Top of Data below

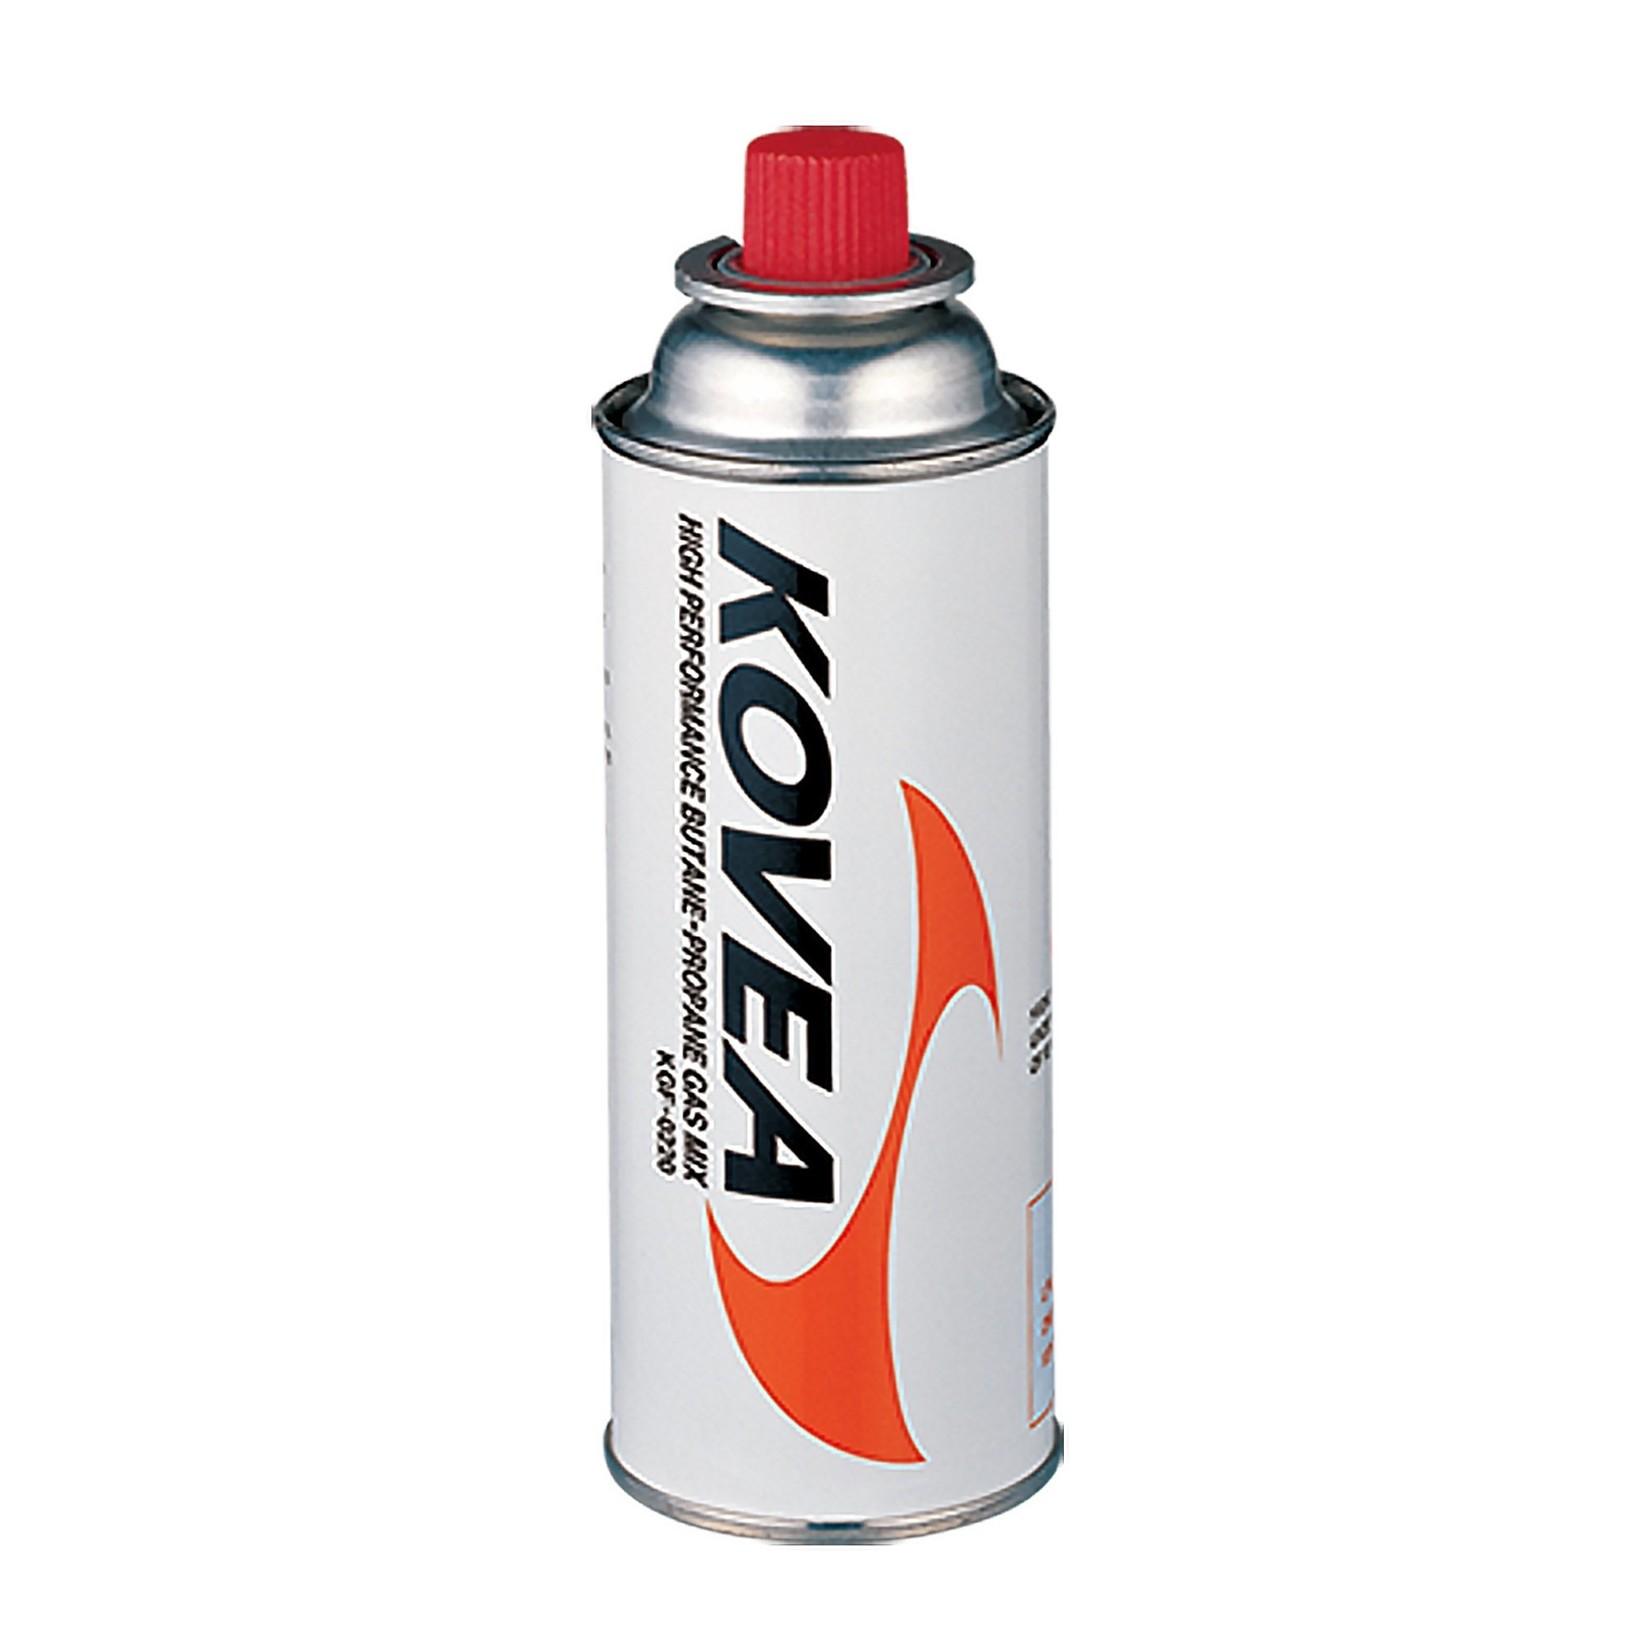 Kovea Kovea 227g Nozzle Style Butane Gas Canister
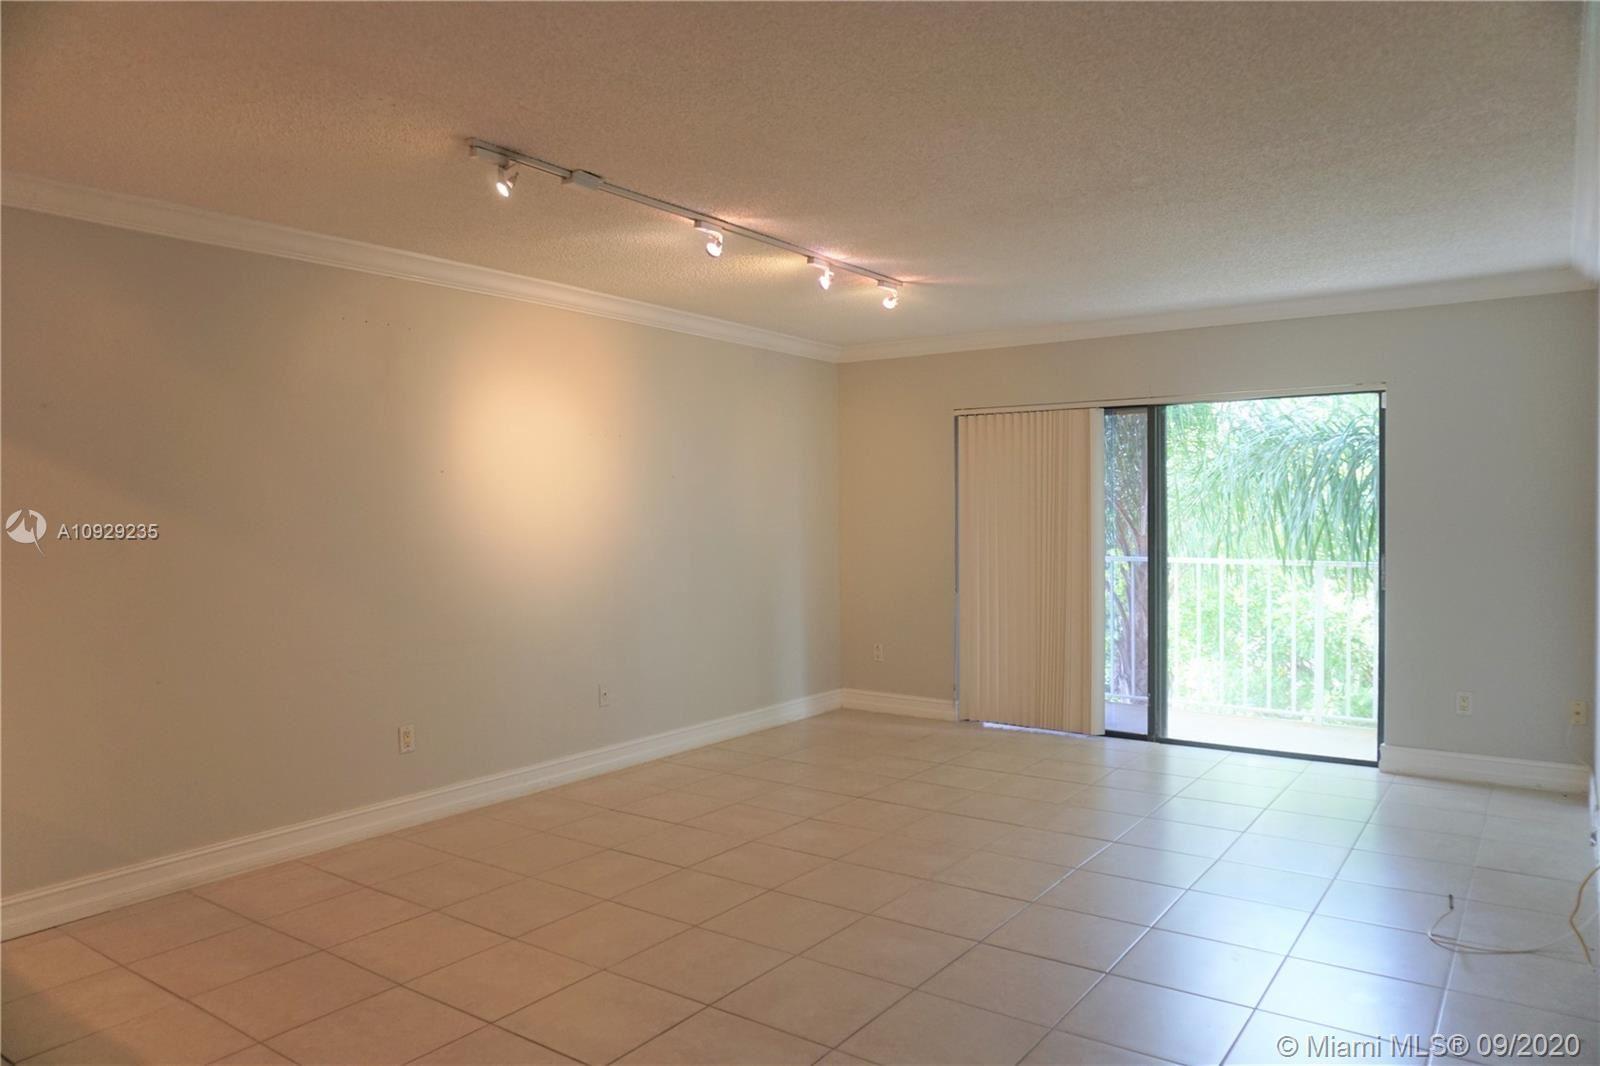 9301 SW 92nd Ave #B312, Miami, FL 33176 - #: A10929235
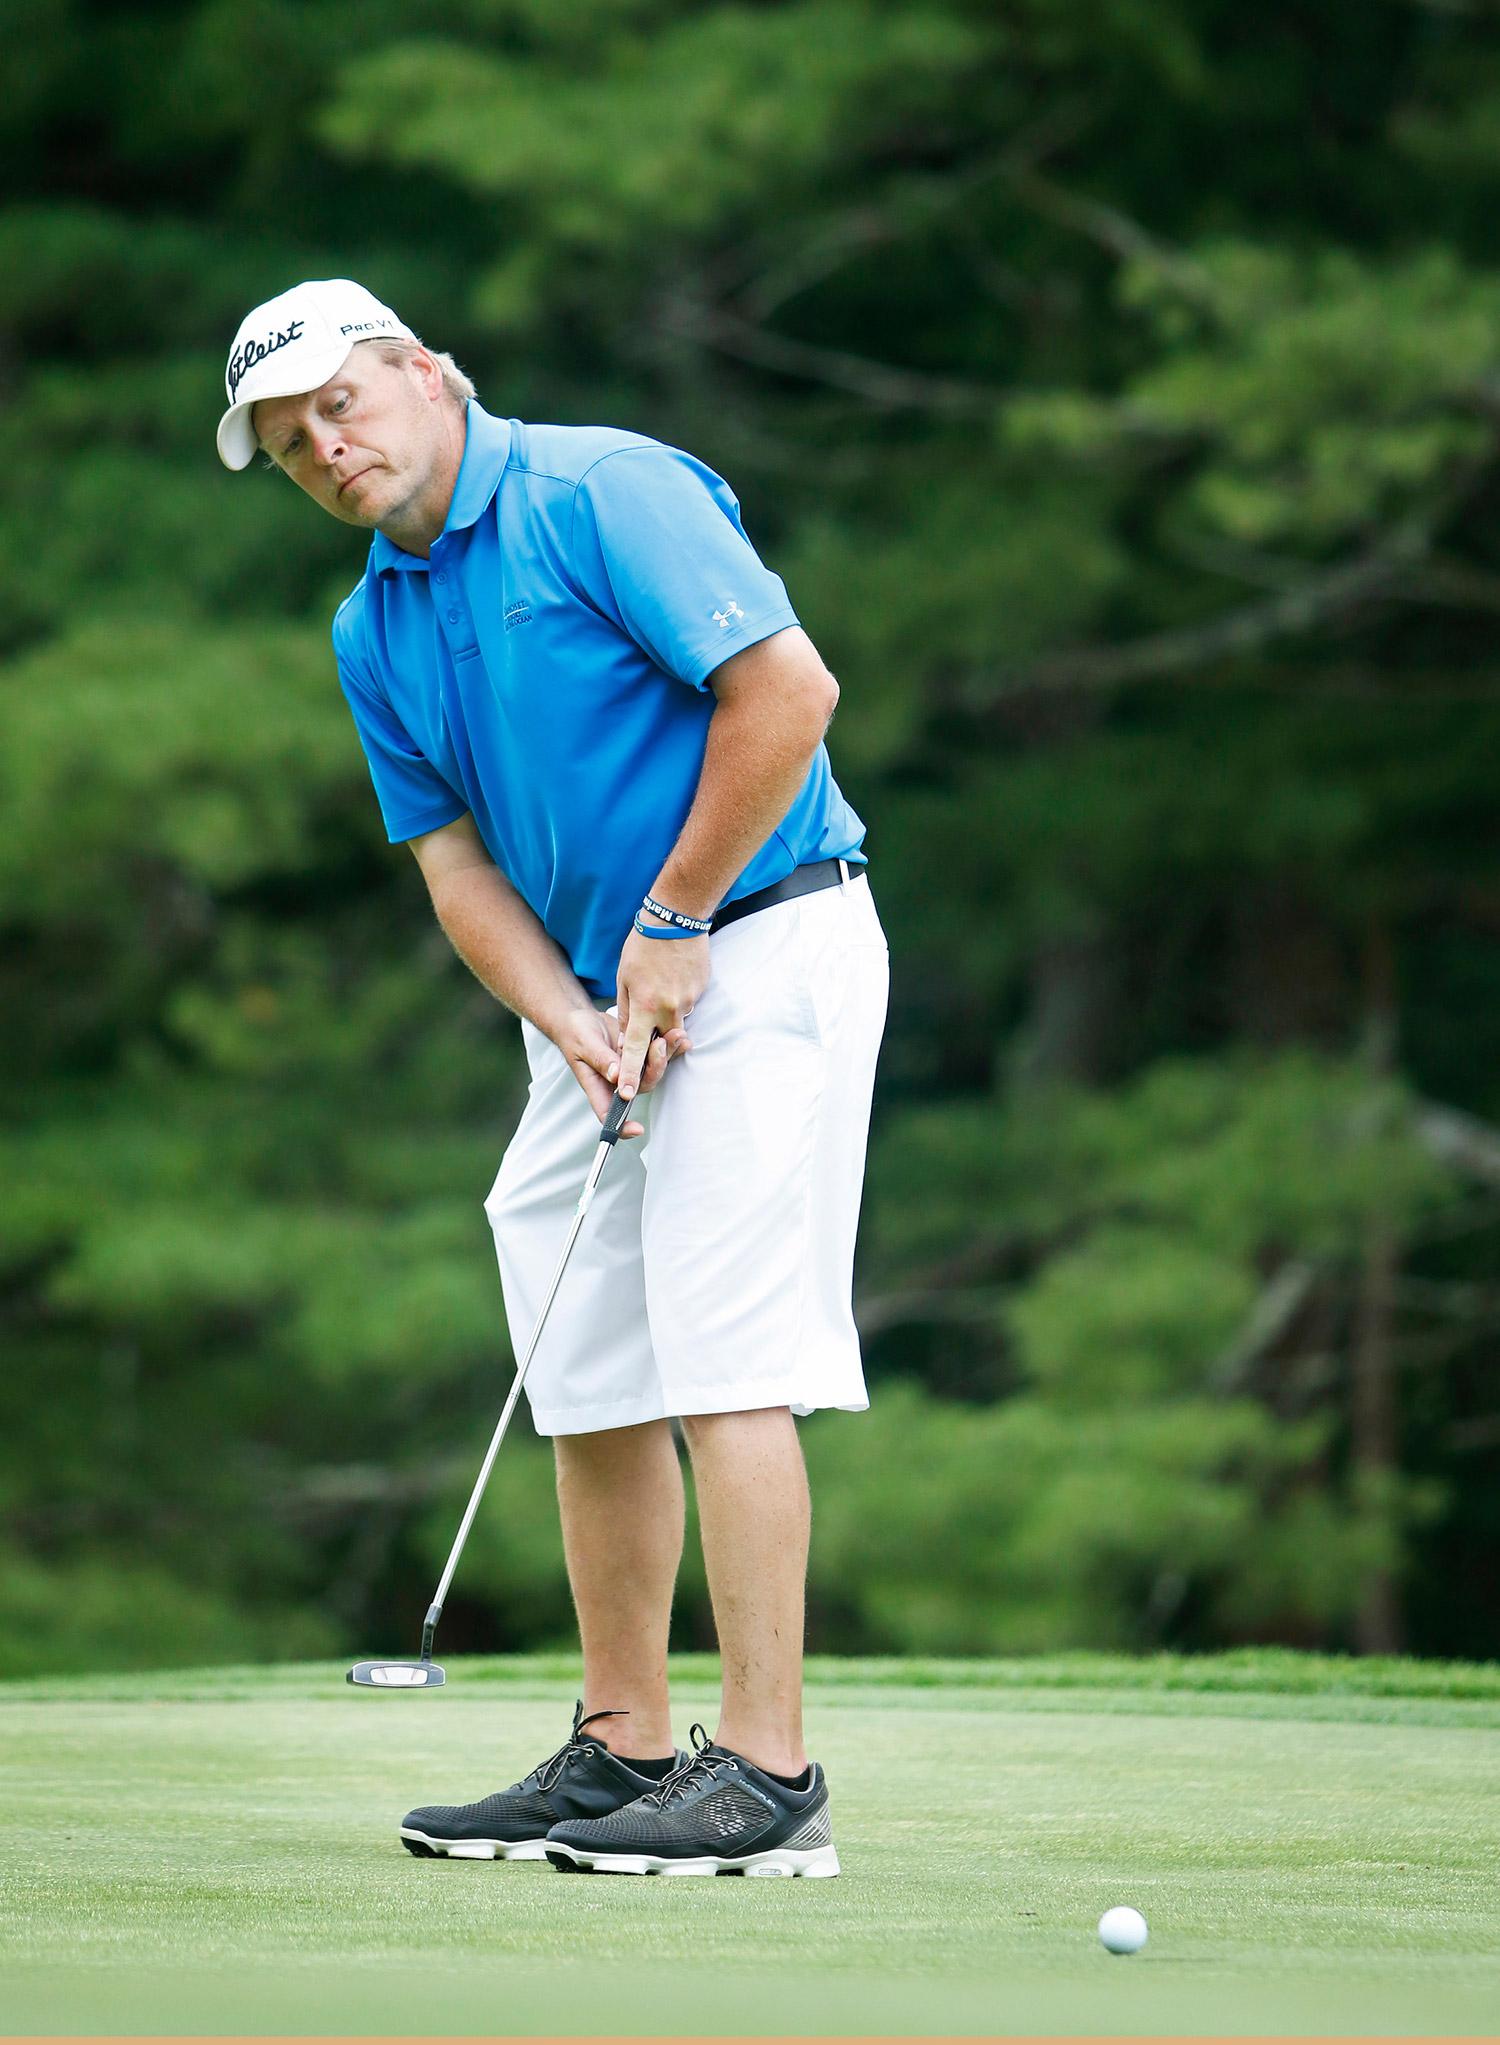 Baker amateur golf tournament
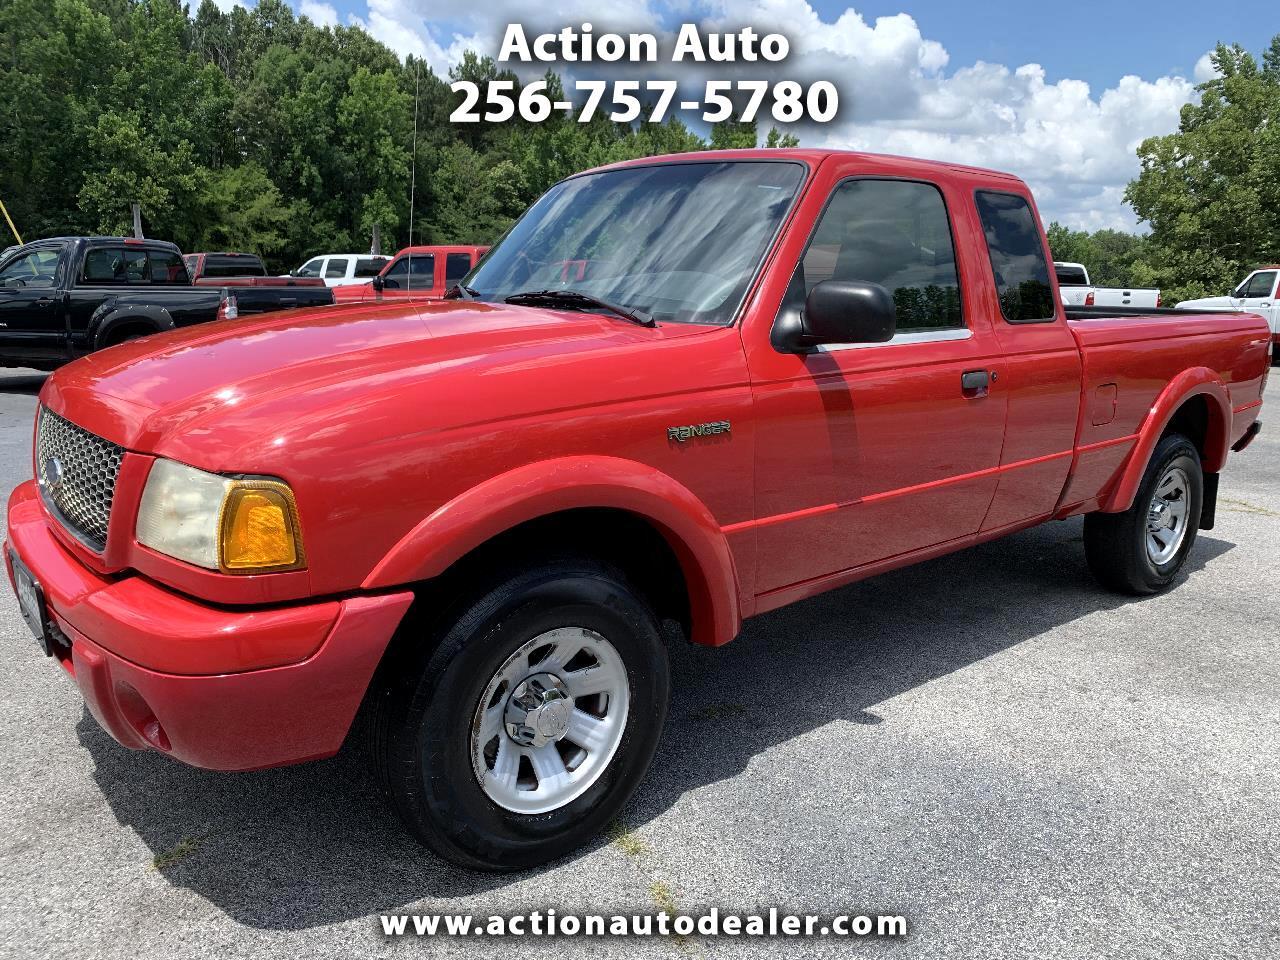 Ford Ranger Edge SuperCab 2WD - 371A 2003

Bottom of Data below

• What to work on
In transcribing the material above, reproduce each line exactly and include none of the pictures.

• Final answer
 Kovea Kovea 227g Nozzle Style Butane Gas Canister
 9301 SW 92nd Ave #B312, Miami, FL 33176 - #: A10929235
 Baker amateur golf tournament
 Ford Ranger Edge SuperCab 2WD - 371A 2003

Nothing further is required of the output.